Thieves in the east of Scotland have celebrated the announcement of the latest rural crime figures by simply carrying on as before.
Sometime between Sunday evening and Monday morning (August 4-5) an on-farm chemical store at Colliston, near Arbroath, was broken into and 1,000 litres of Tizca fungicide stolen.
Tizca contains fluazinam and is widely used against late blight. It also helps prevent powdery scab in seed potato crops.
The haul was valued at £50,000.
According to Police Scotland it is the latest of a spate of similar thefts across the north east of Scotland and they said it was likely the thefts could be linked.
A statement said: “As a consequence, we would like to ask farmers to check on the security of their storage sheds and compounds – particularly chemical stores – and should they see any persons acting suspiciously around them to call us immediately.”
It came as Scotland was revealed as the area hardest hit by rural crime in NFU Mutual’s Rural Crime Report, with claims costs up 62.2 per cent in 2018.
Then on Tuesday (August 6) a Honda quad bike was stolen in broad daylight from Hilltarvit Mains, near Cupar, in plain sight of the farmhouse.
The farmers, Ian Whiteford and his son, John, were only minutes away and just missed intercepting the hooded thieves on the one-mile long farm road.

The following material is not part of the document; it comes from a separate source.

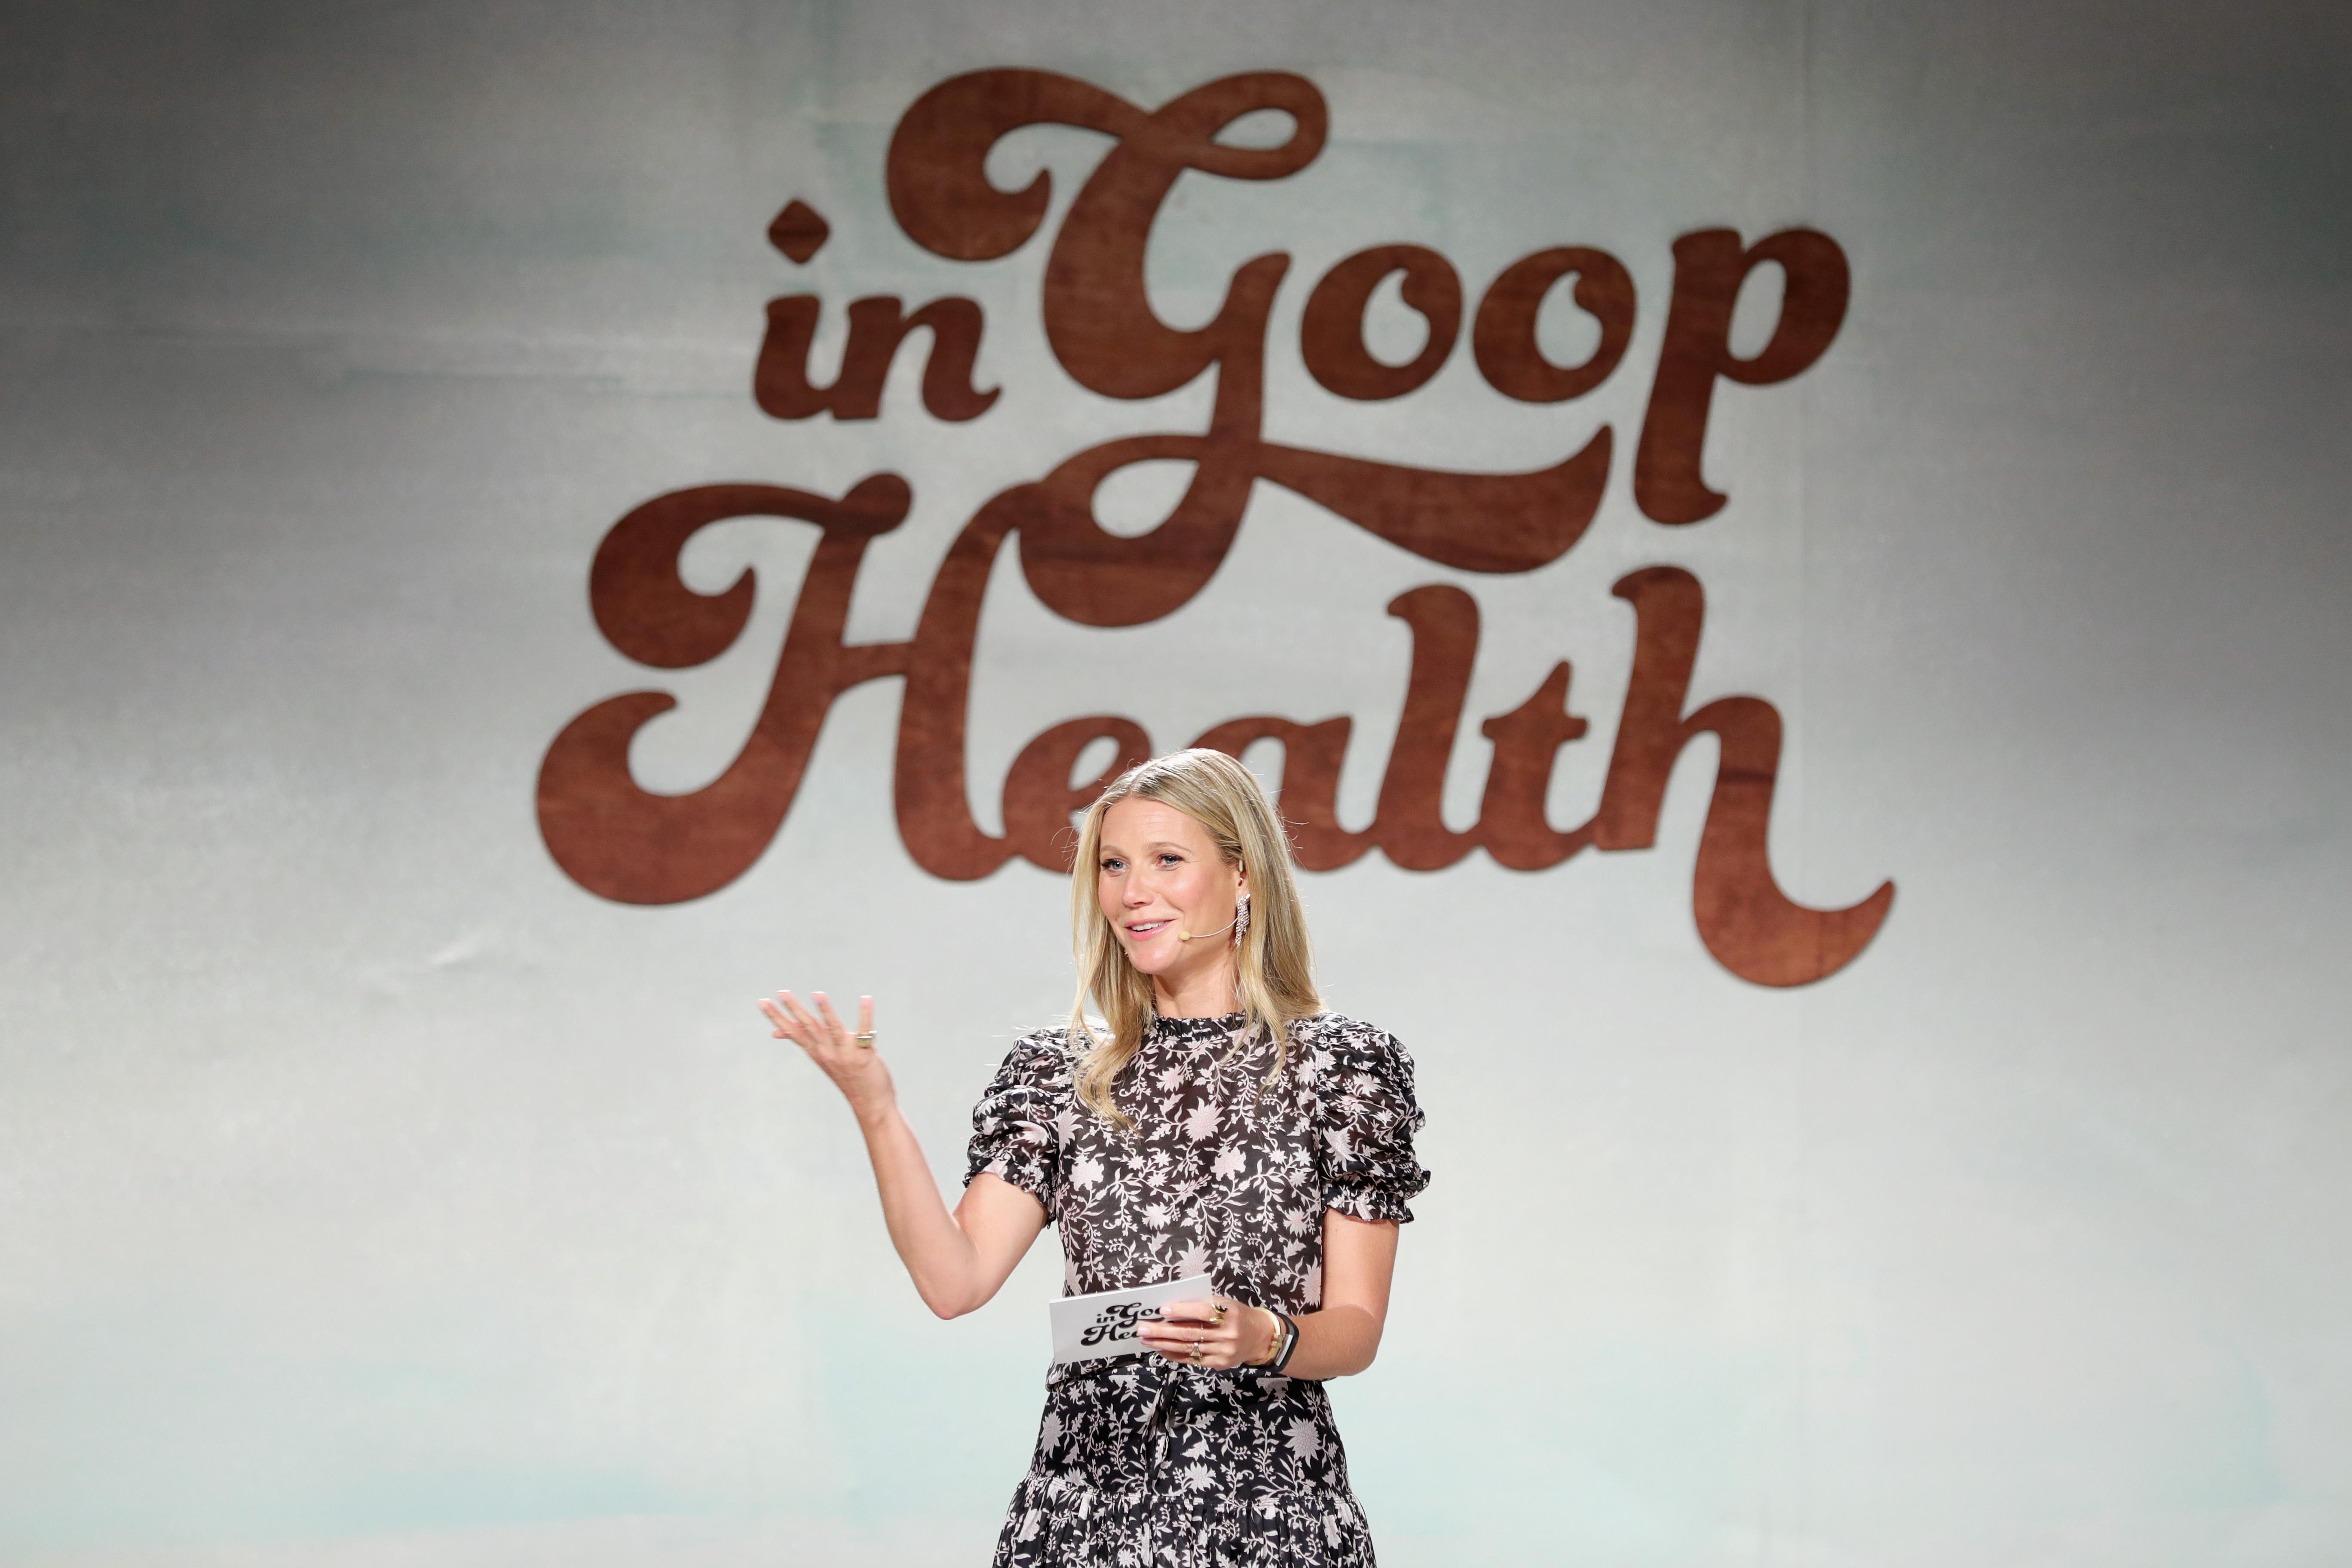 In goop Health Summit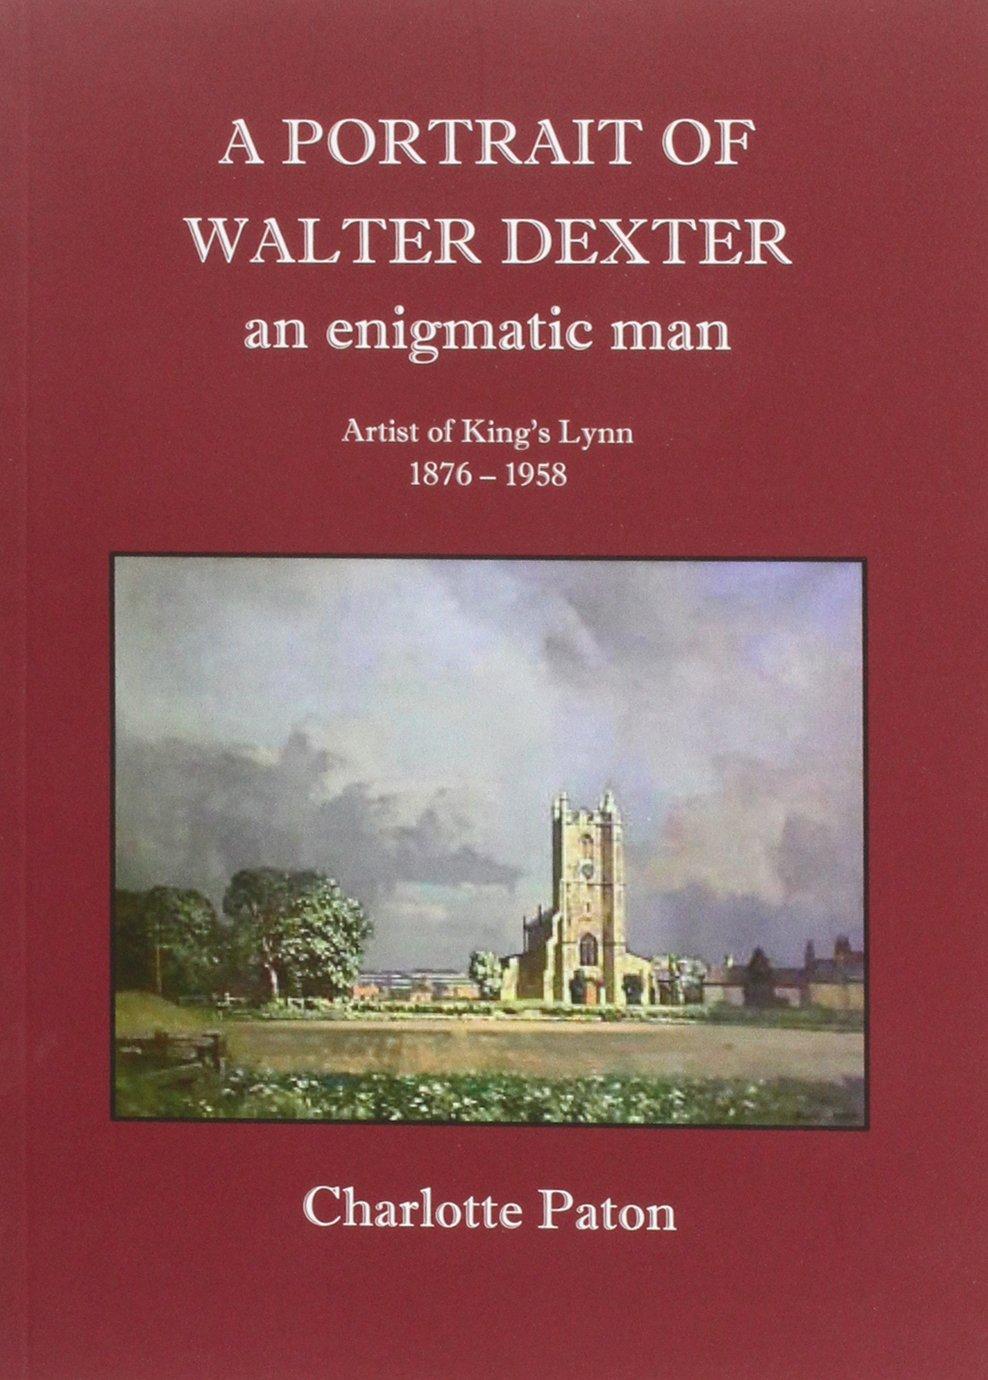 A Portrait of Walter Dexter an Enigmatic Man: Artist of King's Lynn 1876 - 1958 PDF

Mr Whiteford said: “They left a newer model which I think they guessed, correctly as it happens, would be fitted with a tracker.
“The quads are usually locked in the workshop but because we were using the building during the day, they were parked round the corner in the cattle shed.
“We are very security conscious but you cannot eternally be locking up every conceivable thing up. It is just bloody annoying.”